*Your instructions*
The pictures get left out, but everything else in the listing below must be duplicated exactly.

*Raw data*
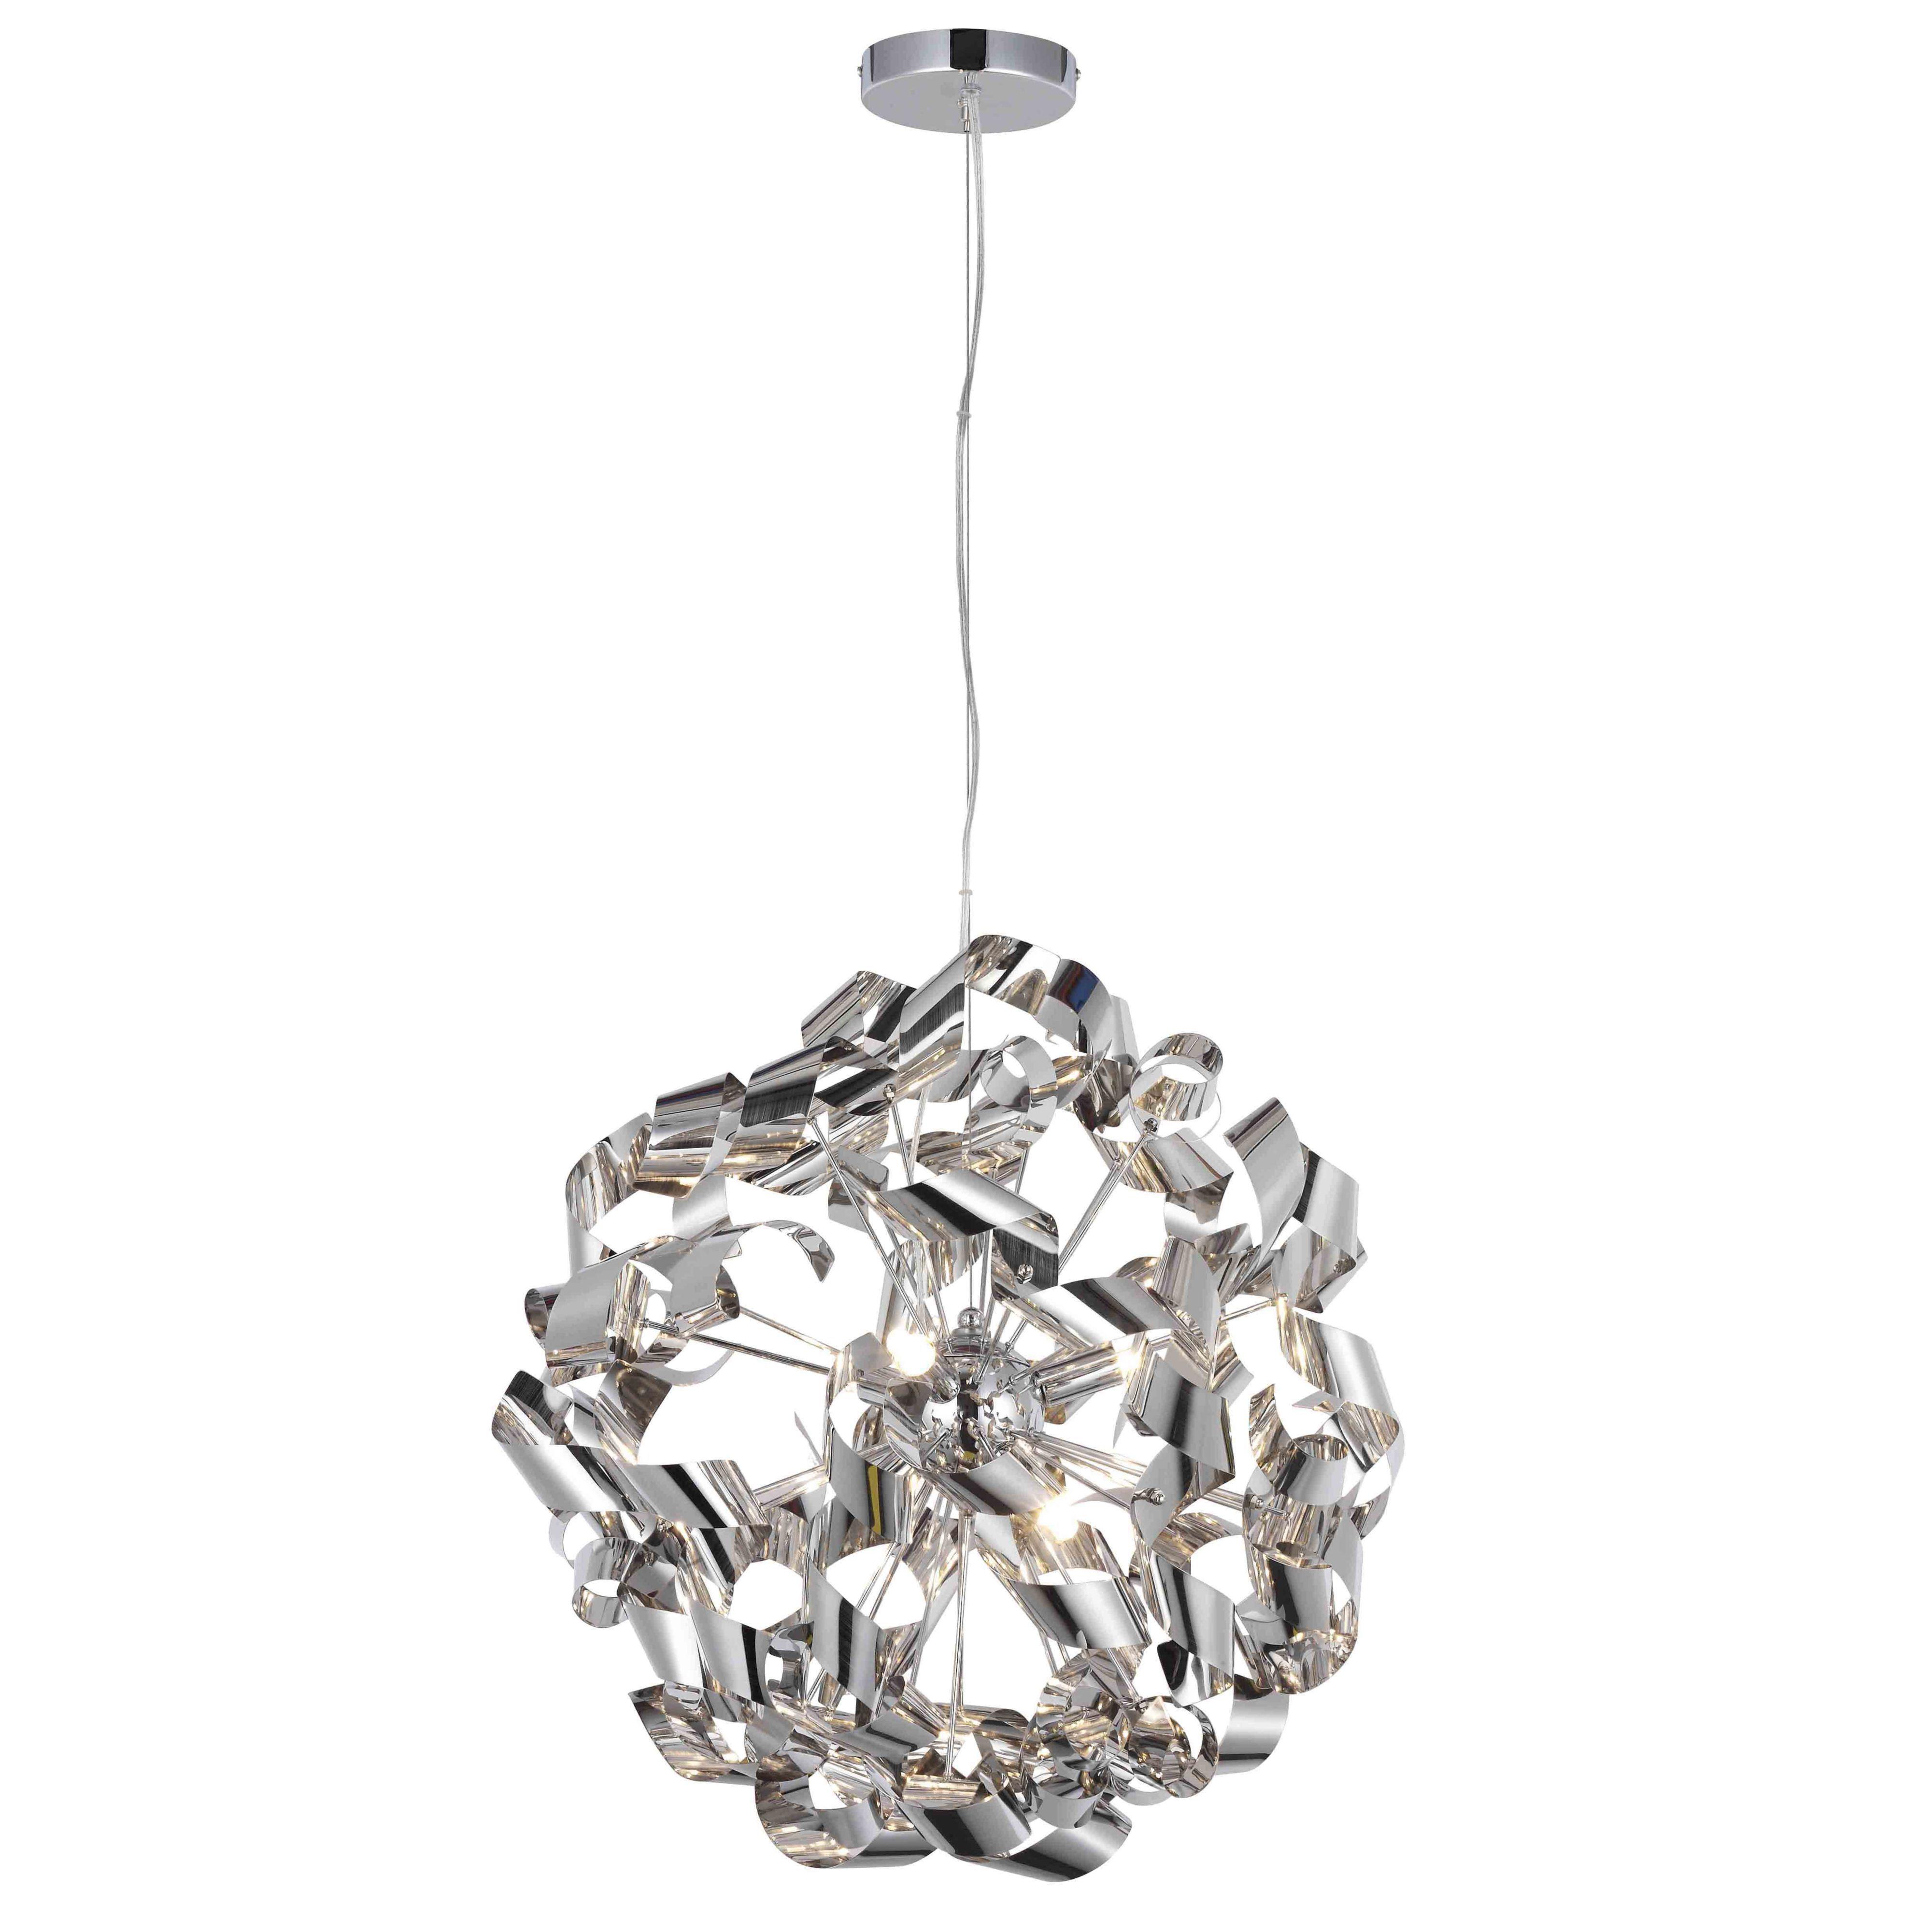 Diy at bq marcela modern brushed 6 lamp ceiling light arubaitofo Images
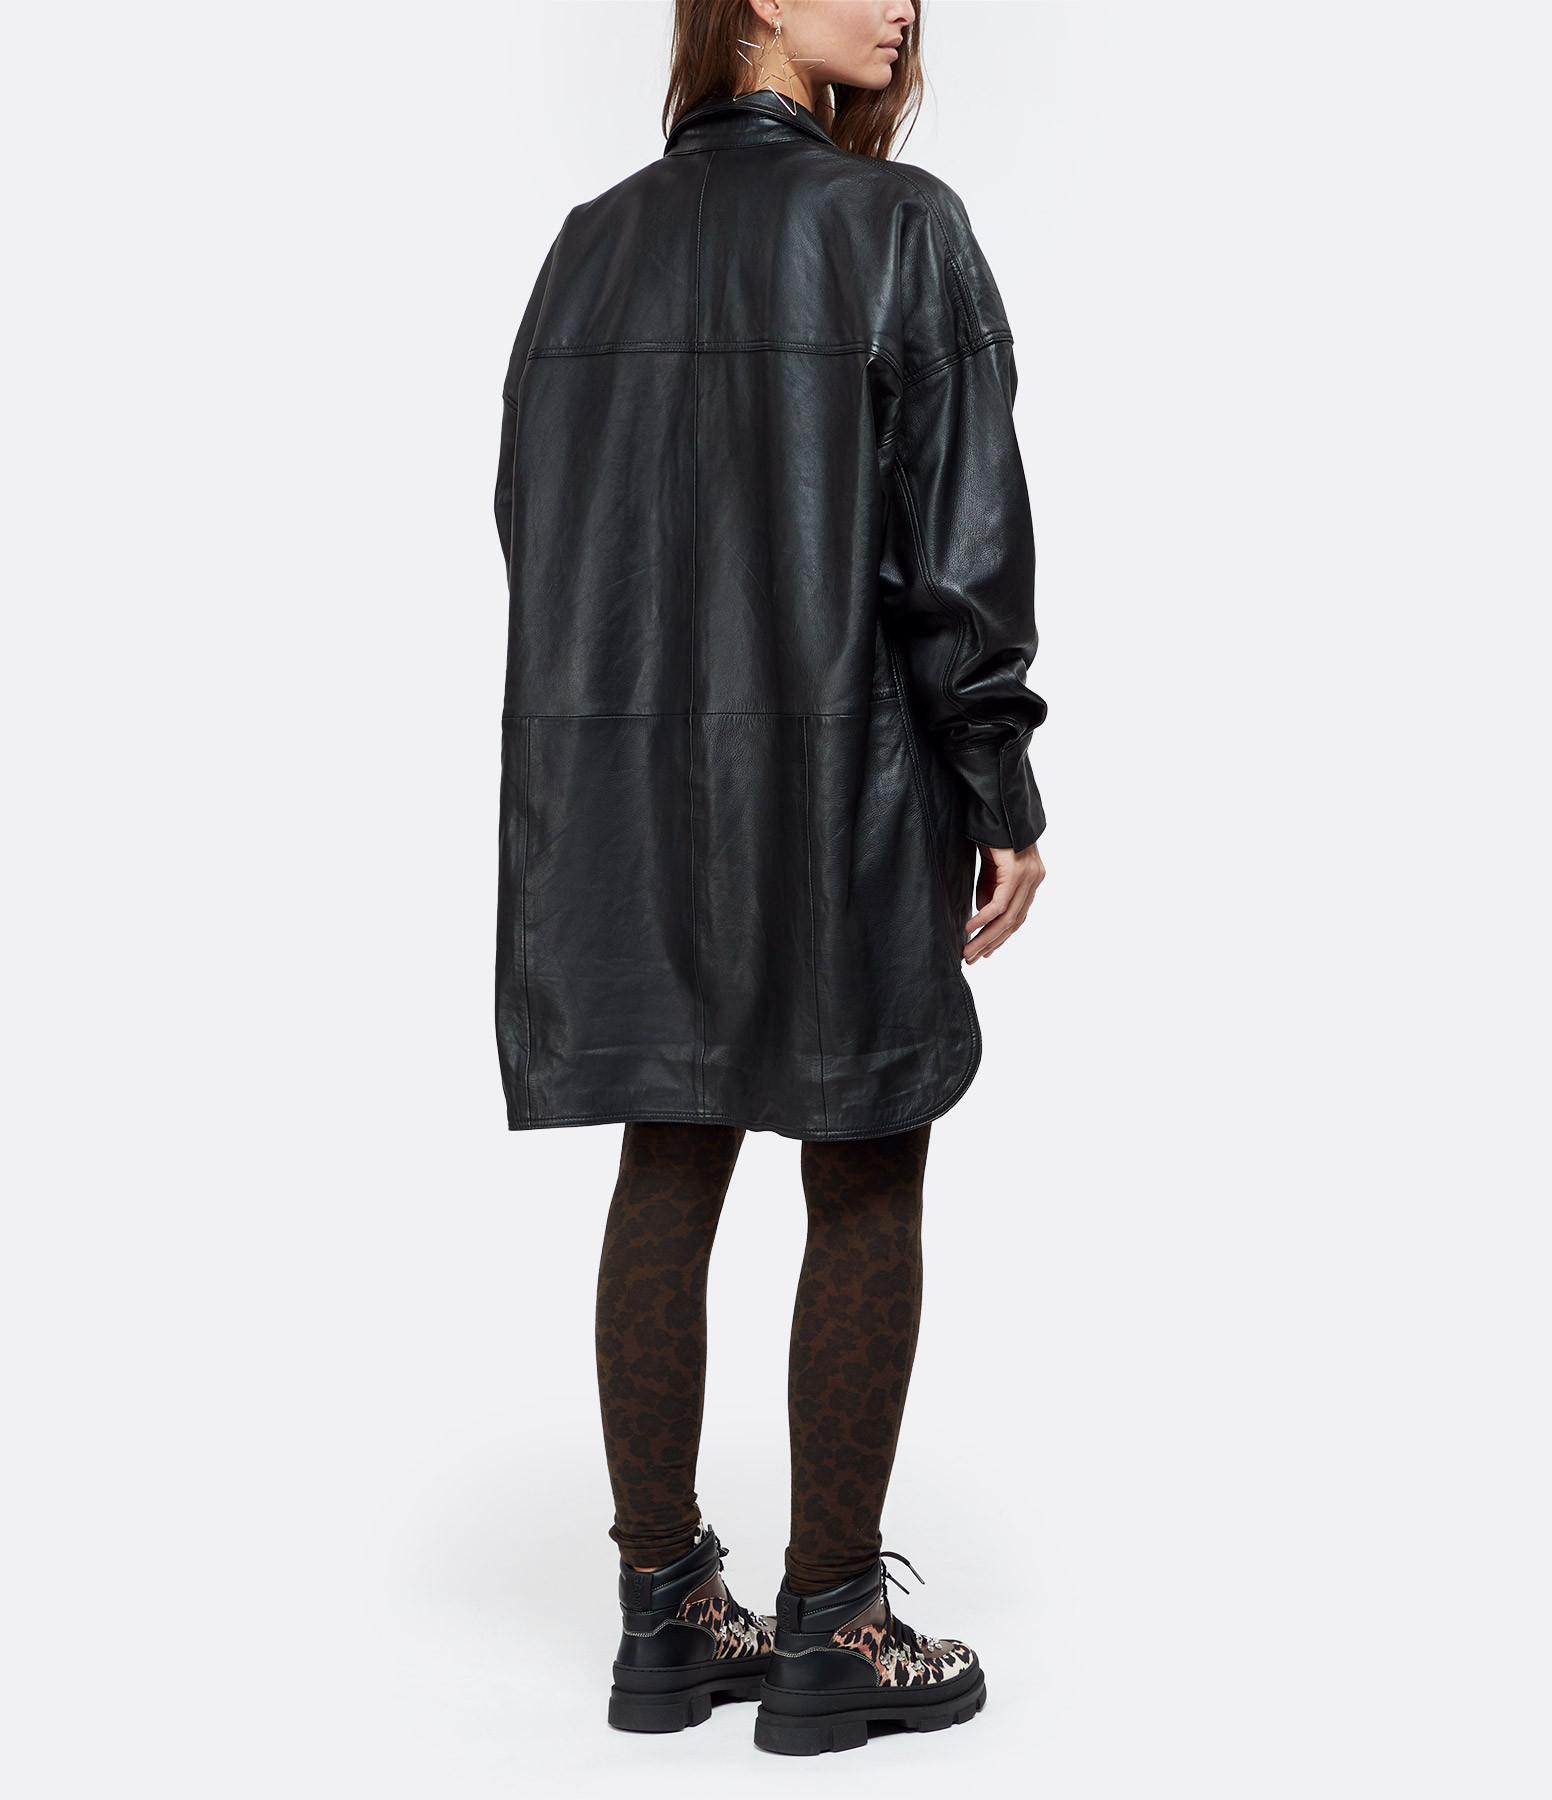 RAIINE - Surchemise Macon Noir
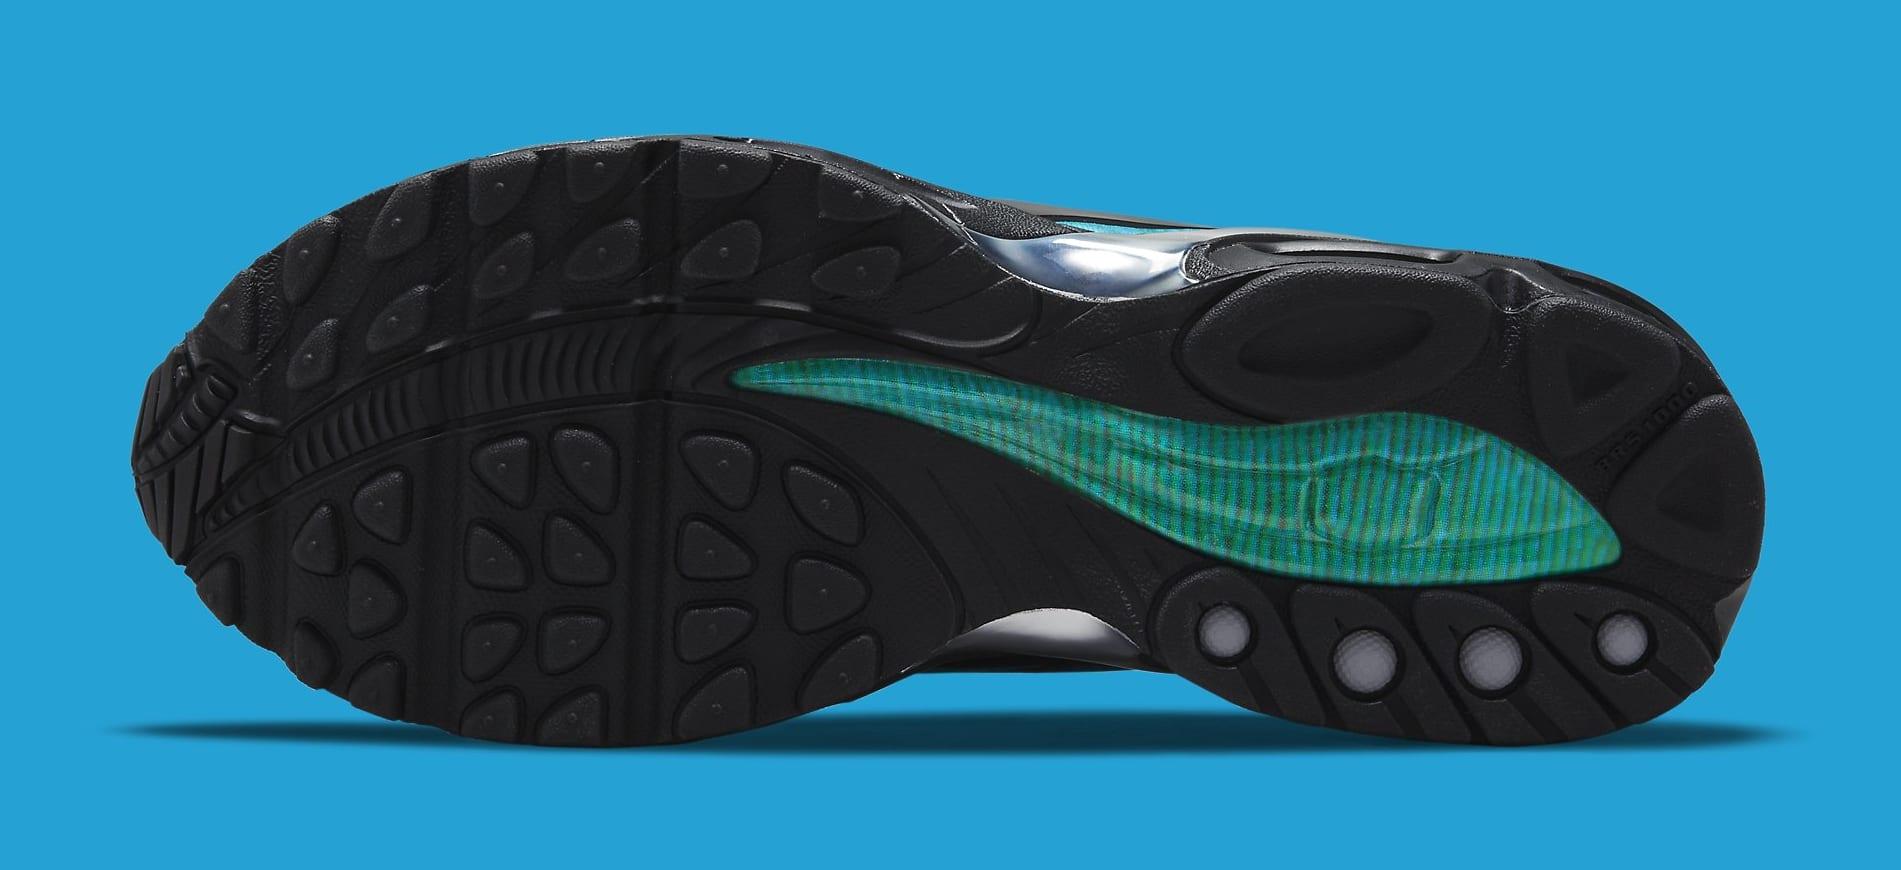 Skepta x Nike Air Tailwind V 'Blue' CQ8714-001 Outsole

*Response area*
 Diy at bq marcela modern brushed 6 lamp ceiling light arubaitofo Images
 RAIINE - Surchemise Macon Noir
 Skepta x Nike Air Tailwind V 'Blue' CQ8714-001 Outsole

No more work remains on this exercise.